Dengan format yang memberi peluang bagi delapan peringkat ketiga terbaik, nasib Taeguk Warriors kini bergantung pada hasil dari grup lain. Situasi ini membuat status mereka di ambang tersingkir.

Respons Pelatih dan Sorotan Legenda

Hong Myung-bo mengakui tanggung jawab atas kegagalan pendekatan taktis pada fase grup. Ia menegaskan isu keracunan makanan bukan penyebab merosotnya performa tim.

Legenda Korea Selatan, Park Ji-sung, menyoroti strategi menyerang yang dinilai tidak jelas. Ia juga menilai gairah para pemain terlihat kurang pada laga-laga penentu.

Petisi menyebut penampilan tim "sangat tidak bertenaga" dan menilai performa tersebut termasuk yang terburuk dalam sejarah partisipasi Korea di Piala Dunia. Nada kritik itu mempertegas tuntutan perubahan di kursi pelatih.

Proses Penunjukan Hong dan Tuntutan Reformasi KFA

Hong Myung-bo ditunjuk Korea Football Association (KFA) pada 8 Juli 2024 dengan kontrak hingga Piala Asia 2027. Petisi mengklaim proses seleksi resmi KFA diabaikan dan penunjukan itu dikelilingi tuduhan serta cacat prosedural.

KFA sebelumnya menyatakan pemilihan Hong didasari filosofi sepak bola, model permainan, kepemimpinan, serta visi "Satu Tim, Satu Semangat, Satu Tujuan". Rekam jejak Hong meliputi karier sebagai pemain timnas pada 1990 hingga 2002, dan pelatih timnas periode 2013-2014.

Selain pemecatan pelatih, petisi mendorong reformasi tata kelola KFA. Tuntutan mencakup pengawasan administratif yang lebih kuat dan larangan penunjukan pelatih secara informal.

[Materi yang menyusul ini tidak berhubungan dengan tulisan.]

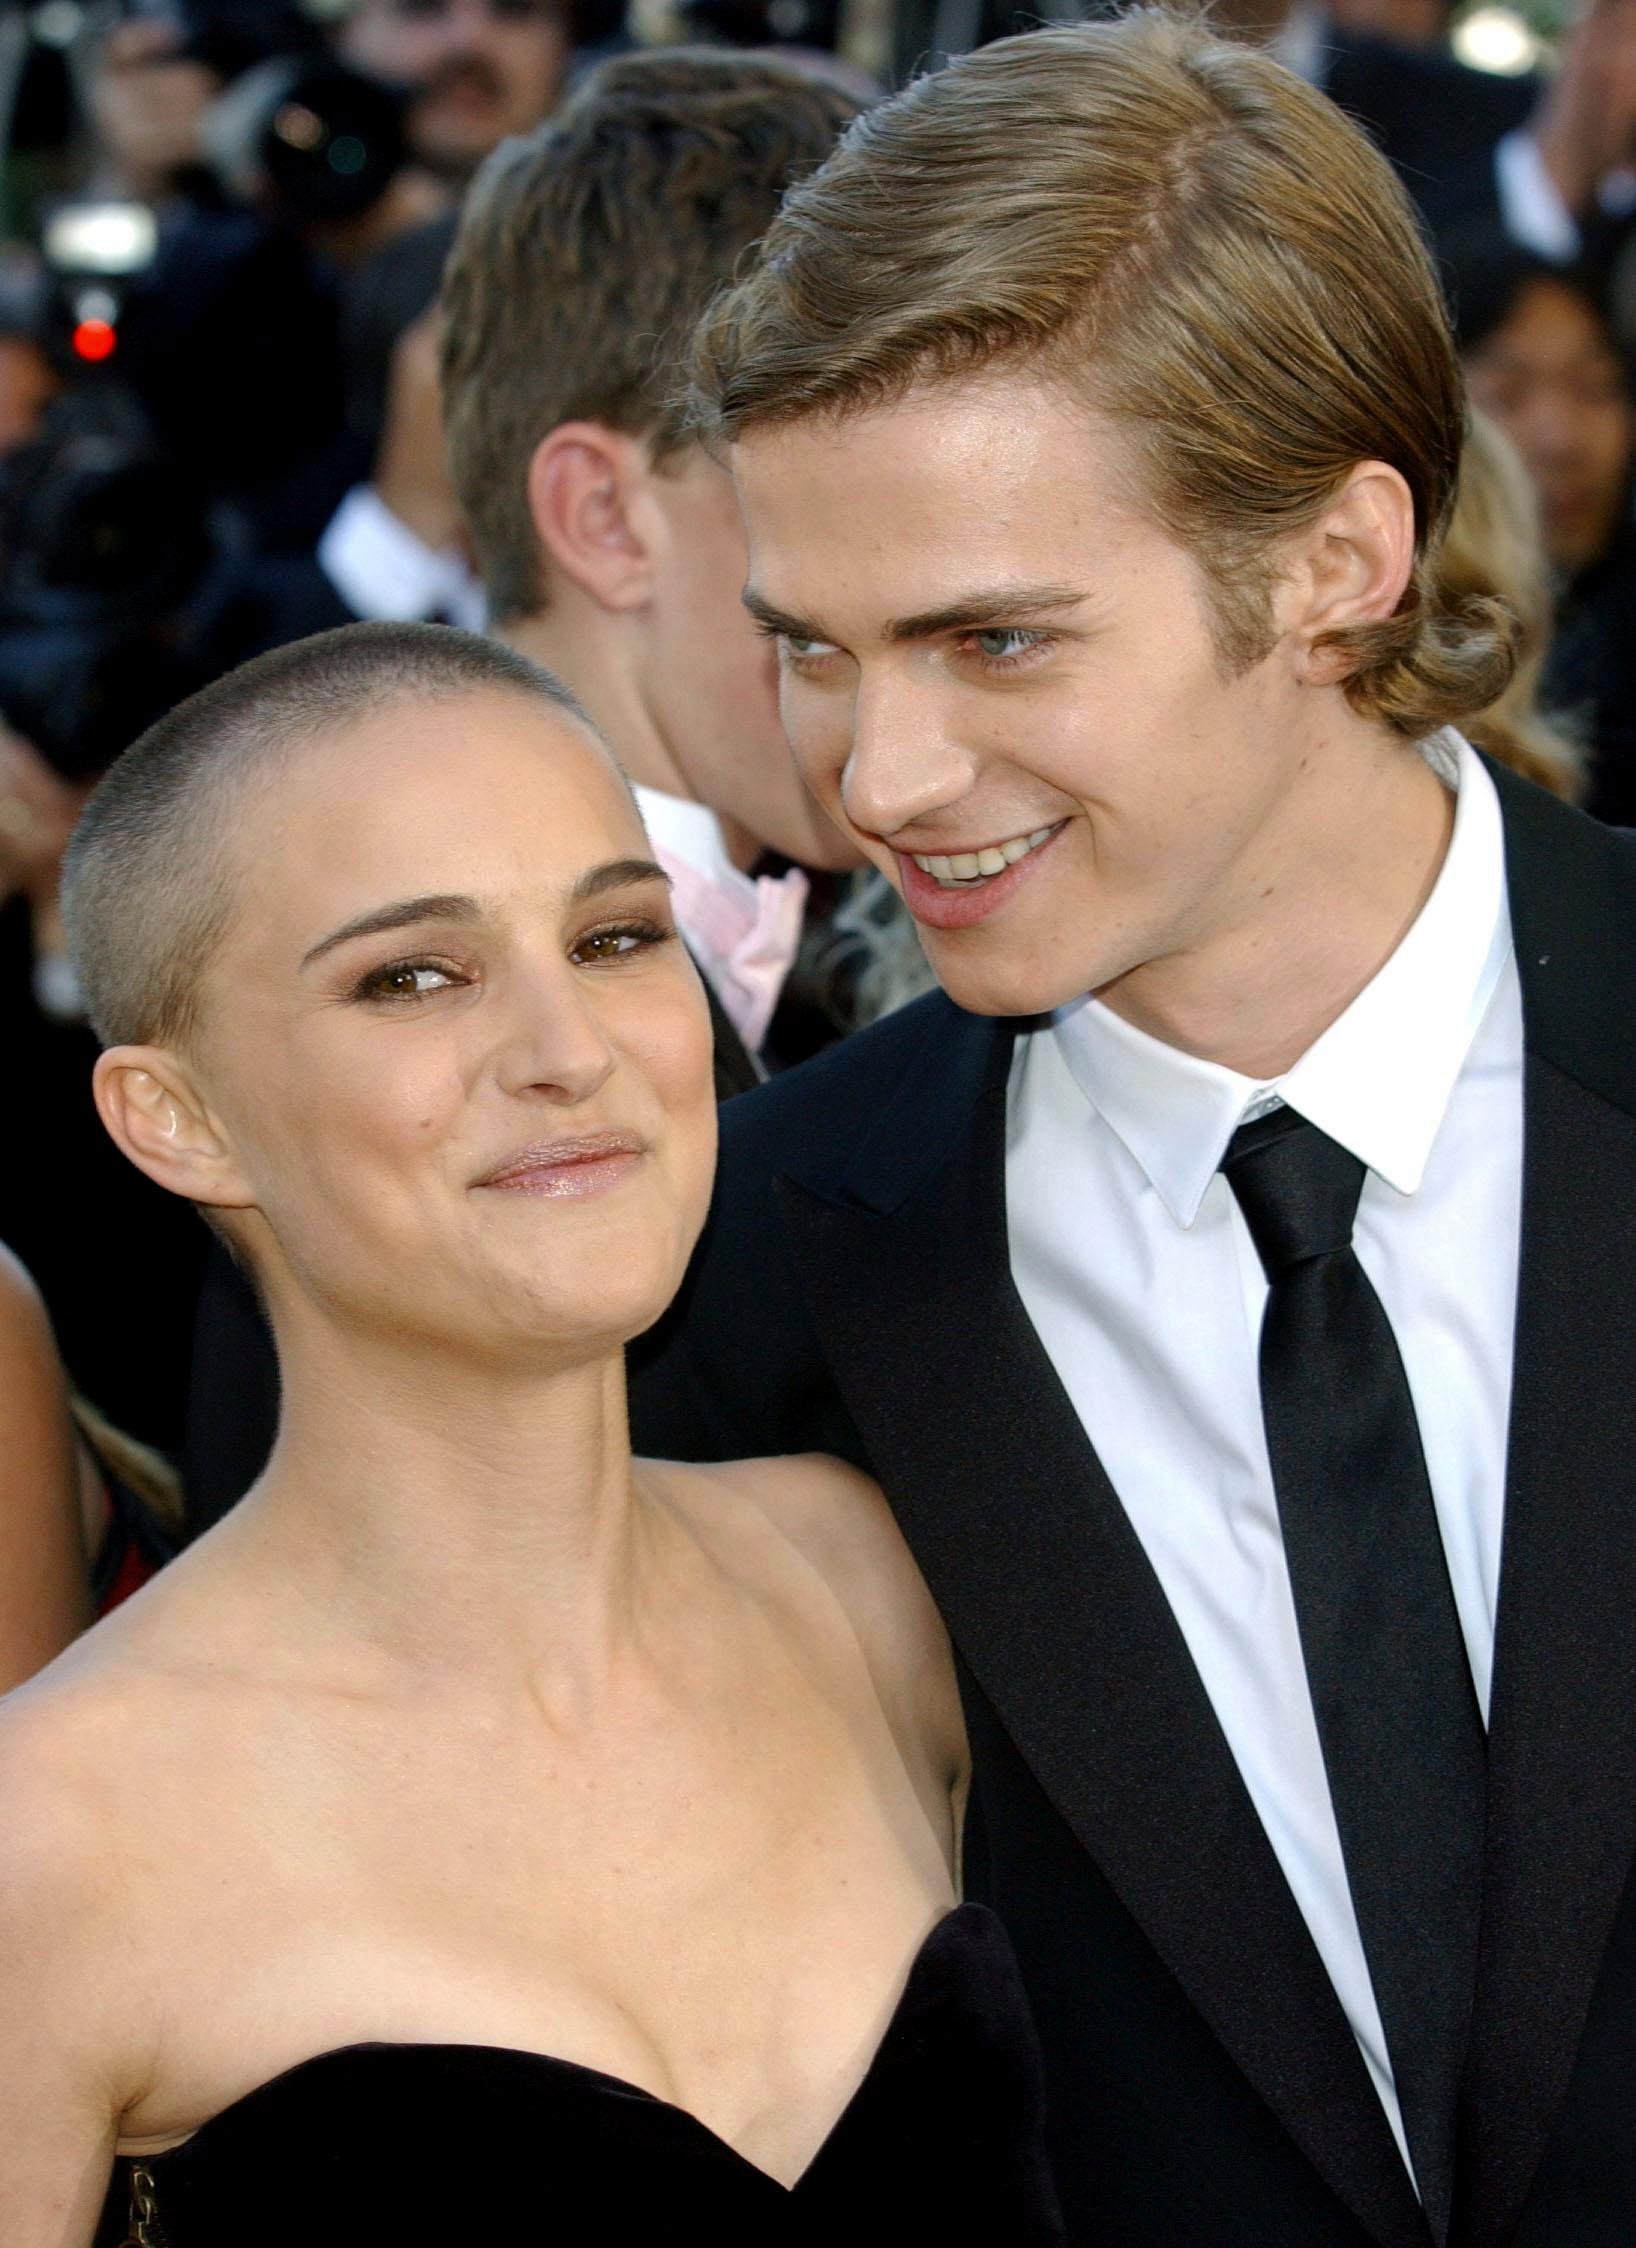 Natalie Portman and Hayden Christensen at the 2005 Cannes Film Festival on May 15, 2005 | Source: Getty Images

Parlemen saat ini sedang mempertimbangkan apakah petisi ini akan dipublikasikan secara luas kepada masyarakat. Jika disetujui, kampanye pengumpulan tanda tangan digital akan dibuka kembali.

Apabila petisi mencapai minimal 50.000 tanda tangan dalam 30 hari, dokumen itu akan dirujuk ke komite tetap terkait untuk peninjauan lebih lanjut. Tahapan ini menjadi penentu arah tindak lanjut di tingkat institusional.